Watching the US government flip-flop on its support for electric vehicles over the last few years has been dizzying, but not exactly surprising. The history of EVs has always been very stop-and-start. Electric cars date all the way back to the dawn of the motorized vehicle, it's only been a matter of creating an EV that's viable as a mass-produced consumer product.
Over in Russia, they've experienced many of the same boons and setbacks as we have here in the US, ensuring there have been just as many one-offs, oddities, and flops in the land of the Lada as we've seen over here in the realm of Ford and Chevy.
In fact, Russia might have fair claim to having built the worst EV concept in modern history, with possible mainstream production on the cards if it hit it off. The Lada Rapan seemed less like a real electric car than like something Saturday Night Live cooked up to make fun of the EV segment.
The World Almost Went Electric In The Late 1990s
In the past, we've covered the late 1990s as a point in time where the world almost went electric. There's an unusually high concentration of electric cars, prototypes, and limited-run battery-powered fleet vehicles dated to 1997 and 1998. A lot of this had to do with California, which had issued a mandate in 1990 dictating that anyone who wanted to keep doing business on the Golden Coast had better get to work on a zero-emissions vehicle.
This mandate applied not only to American automakers, like General Motors which would go on to produce the EV1, and Chevrolet, producing the electric S-10, but Asian automakers like Toyota and Honda.

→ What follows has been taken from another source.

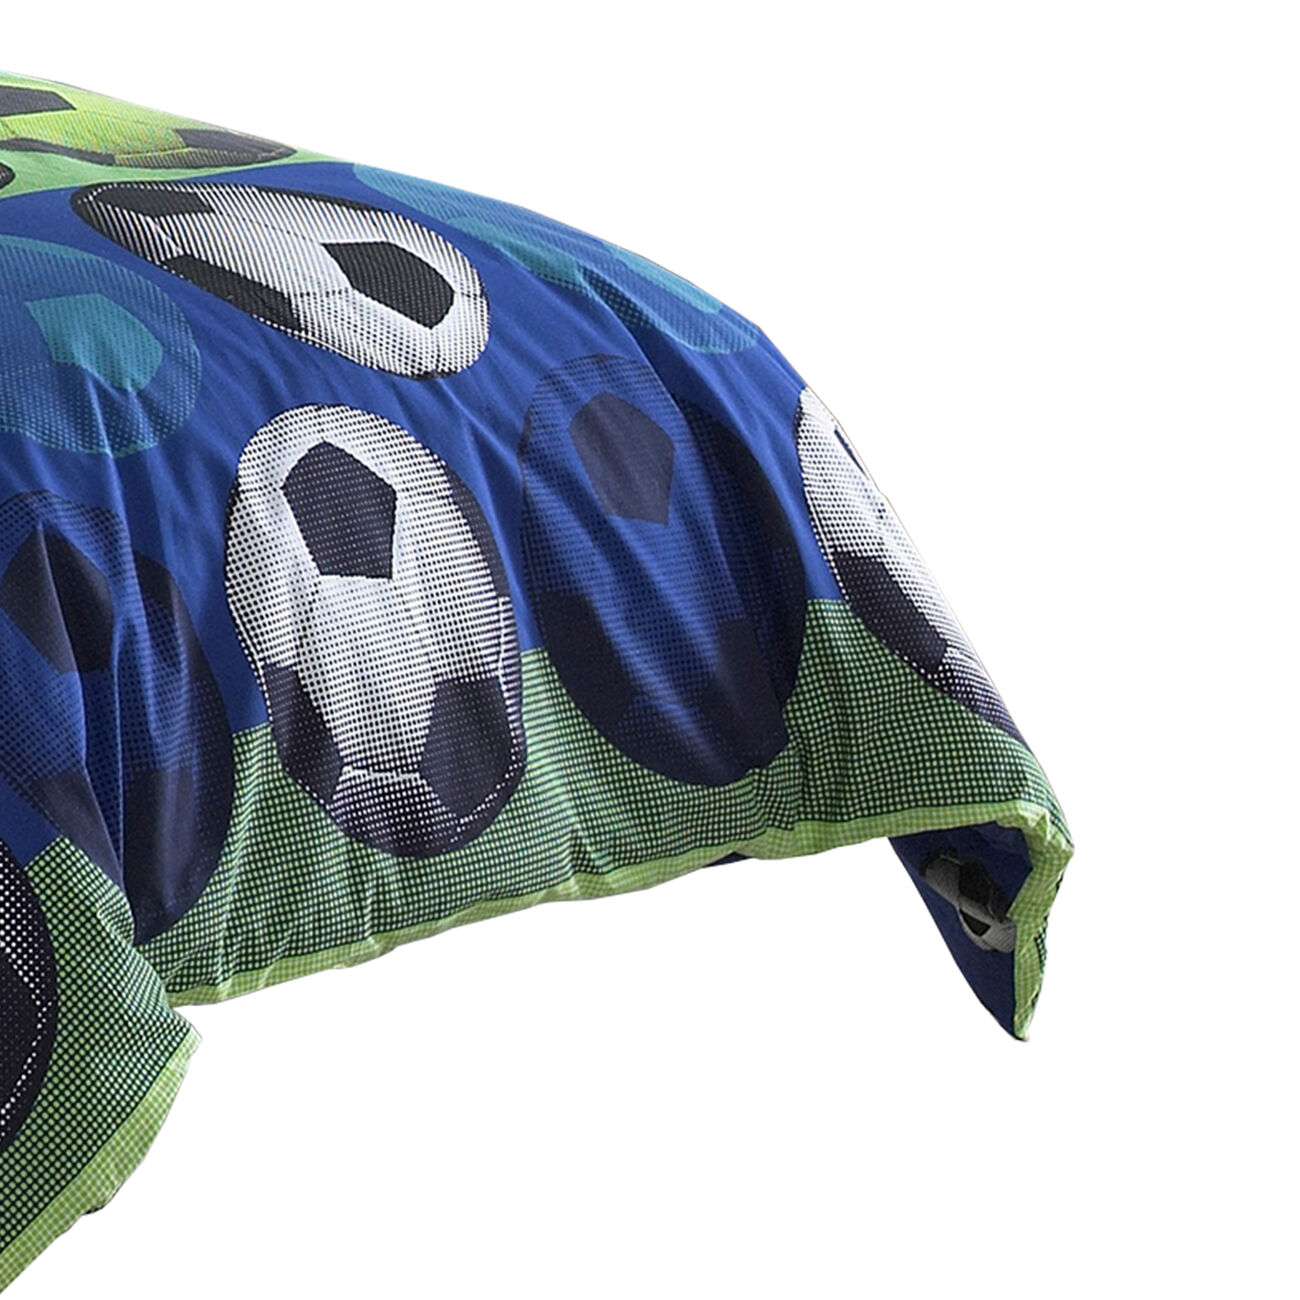 3 Piece Twin Size Comforter Set with Soccer Theme, Multicolor

The electric Toyota Rav4 actually dates all the way back to 1997.
This begs the question, though, of why Russia was getting into the act. Can you remember ever seeing a Lada on an American road? Lada's never had much of a presence in the States.

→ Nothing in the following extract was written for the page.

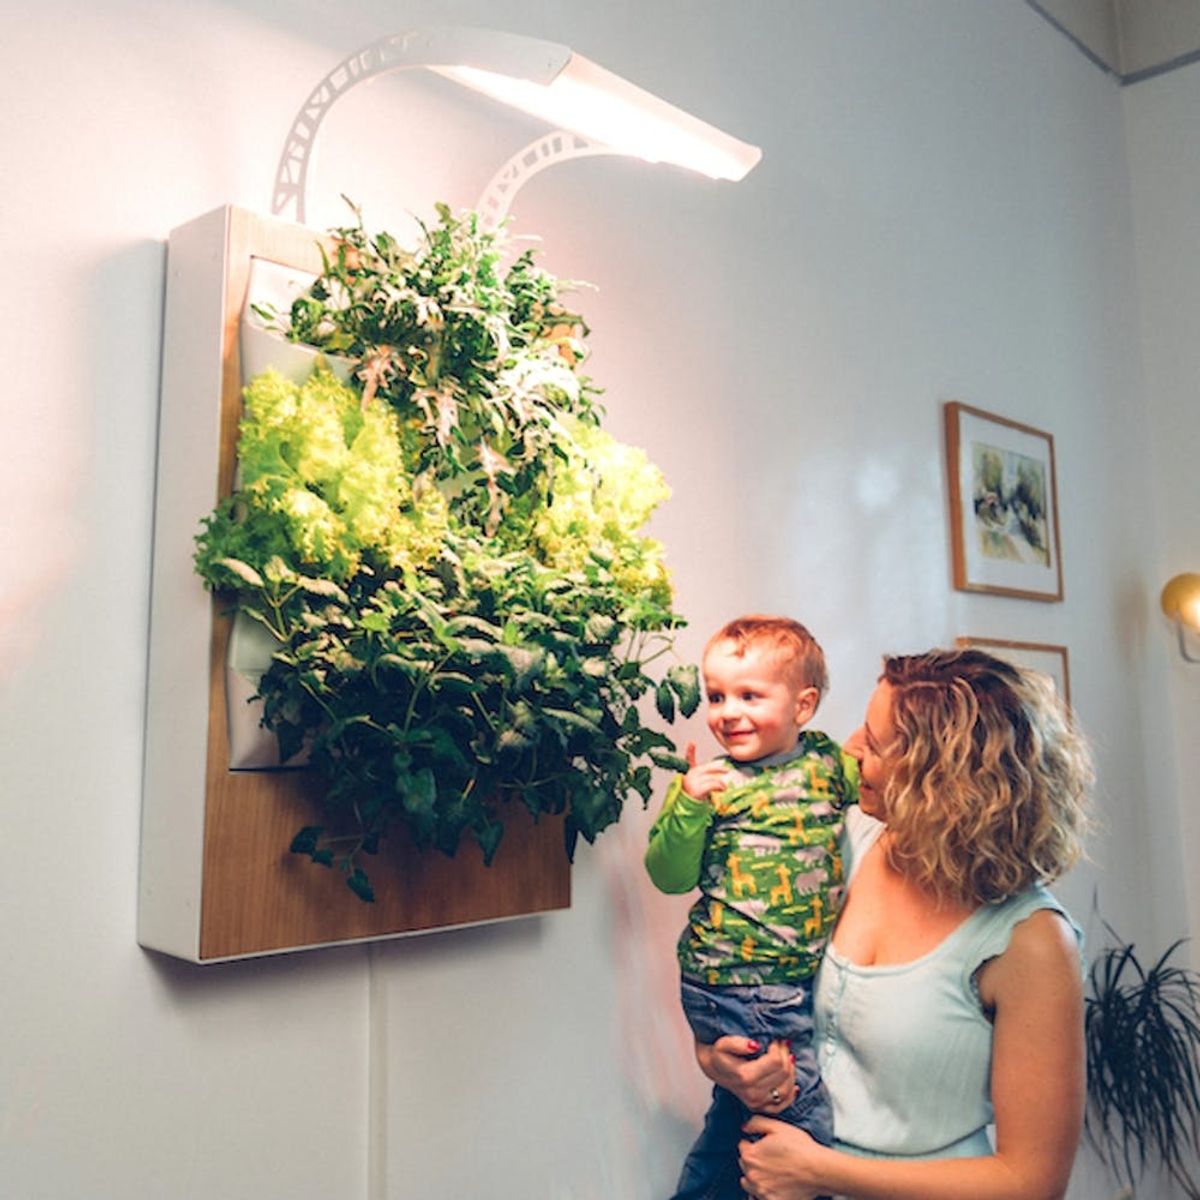 Get Your Grow on With This Easy Indoor Garden System

Ultimately, Lada simply didn't want to be left behind. California's CARB mandate gave the industry a swift kick in the pants to get busy on those EVs, but the industry was already moving in that direction. When President George Bush Sr signed the Clean Air Act Amendment and the Oil Pollution Act into law in 1990, we were becoming more environmentally aware, on a global level. An electric car was one way of making sure your company was prepared for the future.
The Lada Rapan Wasn't Going To Make Any True Believers
One of the biggest challenge EVs faced in the 1990s was proving to the public not only that it could be done, but that it was worth doing in the first place. While the electric Fords and Hondas of the late 90s might have nudged some doubters in a more positive direction, the Lada Rapan likely had the inverse effect, discouraging even the most enthusiastic EV advocates. Just take a look at these specs.
| 1998 Lada Rapan | |
| Top Speed | 55 mph |
| Power | 34 hp |
| 0-37 mph | 14 Seconds |
| Battery | Nickel metal hydride |
| Curb Weight | 3,307 lbs |
These specs might make for a charming little golf cart, but can you imagine taking this bumper car out on the highway? Russian city speeds were limited to about 37 mph back in the late 1990s, while highway speeds were more like 62 mph, which is pretty close to our own 65-mph limits. The Rapan would have been incapable of even keeping up with traffic, and it took so long to get up to its meager top speed, you could watch the entire car-washing scene from The Transporter before it gets there.
And It Was Ugly As Sin, Too
Add to that, this was one of the ugliest cars ever built. It deserves some credit for predicting the bubbly, colorful look of many 2000s concepts, like the Dodge Zeo and the Ford Airstream, but the Rapan looks less like a serious car design and more like an ugly space helmet for an even uglier space alien with way too many eyeballs.
Windows seem to be tacked on at random, curved lines intrude on one another, and the general look is cluttered and crowded, as if every component is fighting for space. You remember how those generative AI images looked a few years ago when you could only kind of, sort of tell what you were looking at? If we didn't know any better, we'd swear Lada AI-generated these images back in 2020 as a prank.
Add to all of this, Russia was experiencing some turbulent economic times in the late 1990s, bouncing back and forth between recession and recovery on a seemingly daily basis. We can't dig up a projected price point for the Rapan, but there's no way Russia's first electric car was going to be cheap. Oh, and before we forget to mention it, there was no charging infrastructure in the country at the time, either.
So let's run down the list of everything that made this car unappealing.
- Ugly.
- Expensive.
- Impossible to charge away from home.
- Underpowered,
- Incapable of reaching highway speeds.
- Designed to appeal to a small segment of wealthy, tech-motivated early adopters that barely existed in 1998.
Lada ultimately saw the writing on the wall when it failed to attract any serious investors, and mercifully put this one out of its misery without even attempting to bring it to market.
Now, we always try to say something positive about even the most unappealing cars... But try is the key word there. We've got nothing this time.